Alex’s teeth were crushed together so hard his jaw ached, but he barely noticed.  He didn’t feel the wound in his back.  Every muscle in his body was clenched tight.  He fought to keep control.  There would be no second chances if he made a mistake.   

“I’ll give you what you want,” he said, taking a step forward.  “I’ll give you a Survivor child.”

“Do you think I’m stupid?” she spat.  “I don’t want your child now. The only thing I want is to watch you die and then kill everyone you love.”  She waved the gun at him to step back.

“Kerry...”


Move!
” she screeched, aiming the pistol at his head.

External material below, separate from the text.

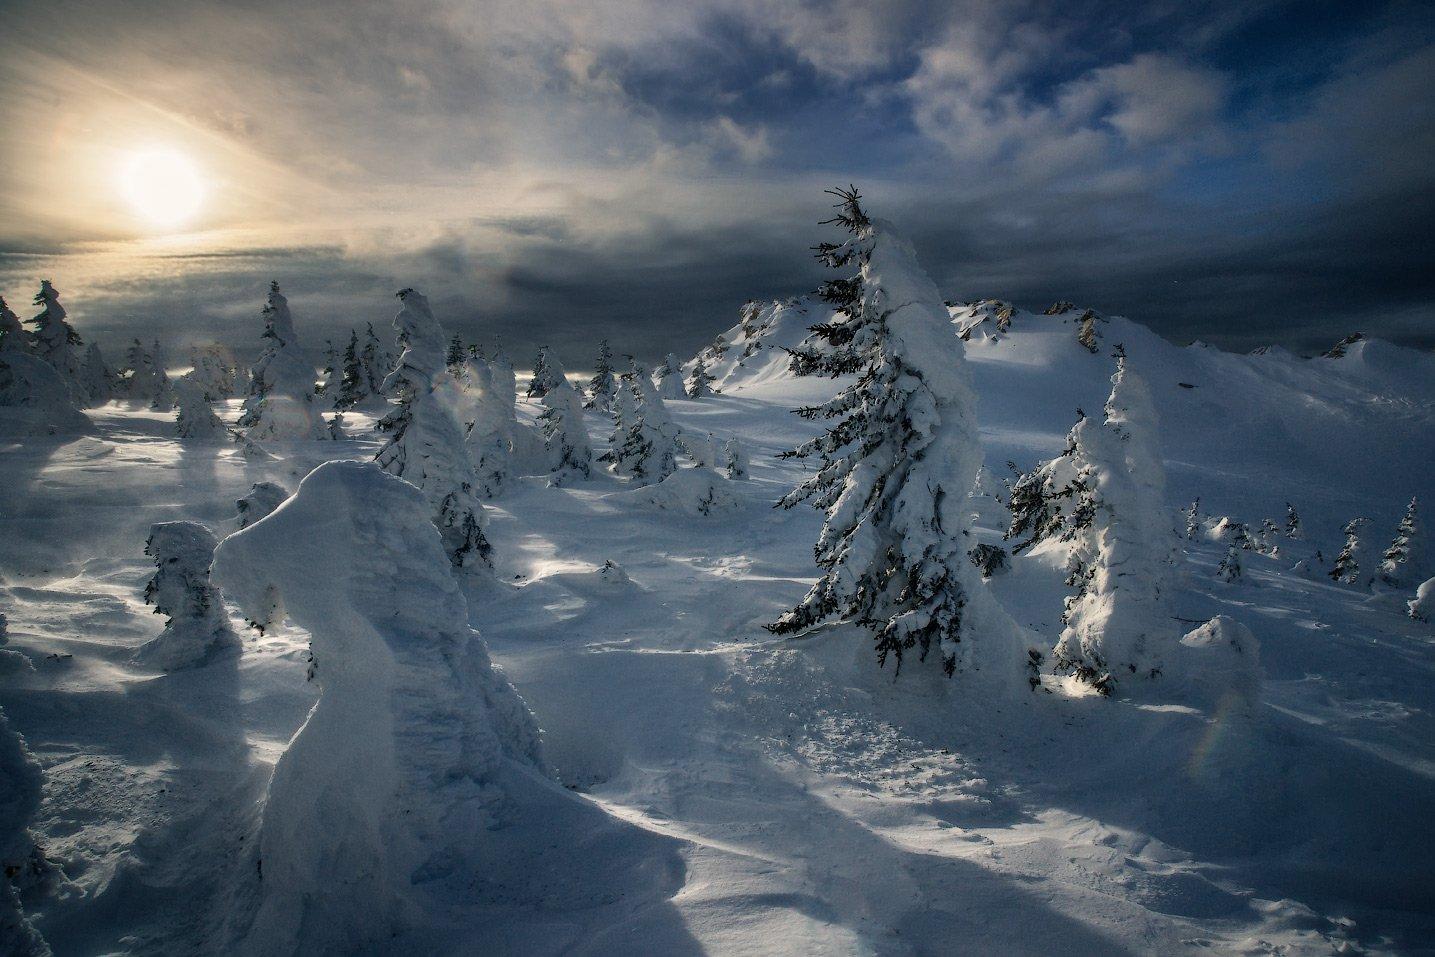 таганай, урал, горы, метео, зима, Владимир Ляпин

Alex shuffled slowly backwards until his calves touched the low wall at the edge of the roof.  He glanced over the side.  Thanks to Kerry’s shouting, many of the eaters were now looking in his direction.  Seeing him, they moaned and reached up their hands.

“Now jump.”

Alex whipped his head back around to look at her.  “
What
?”

“You heard me.”

Panic clutched at him.  If he died, she would go after Leon’s family. 

“Kerry, please...”

“Jump or I shoot you in both legs and push you over.”

Alex looked down at the sea of eaters again.  He would never survive.  “I can...”

She lowered the pistol to point at his thigh.

“Alright, alright,” he said quickly.

He turned to face the edge of the roof, frantically searching for something to help him.  There was nothing, no awnings, no lamps attached to the building, not even a shop sign.  Nothing but smooth, featureless brick wall between him and the starving horde. 

Then, as he looked down, an image flashed into his mind; Luke Skywalker standing over the sarlacc’s pit, Jabba the Hutt watching from his sailbarge.  Alex looked at the edge of the roof.  Maybe a trained gymnast could do it, but him?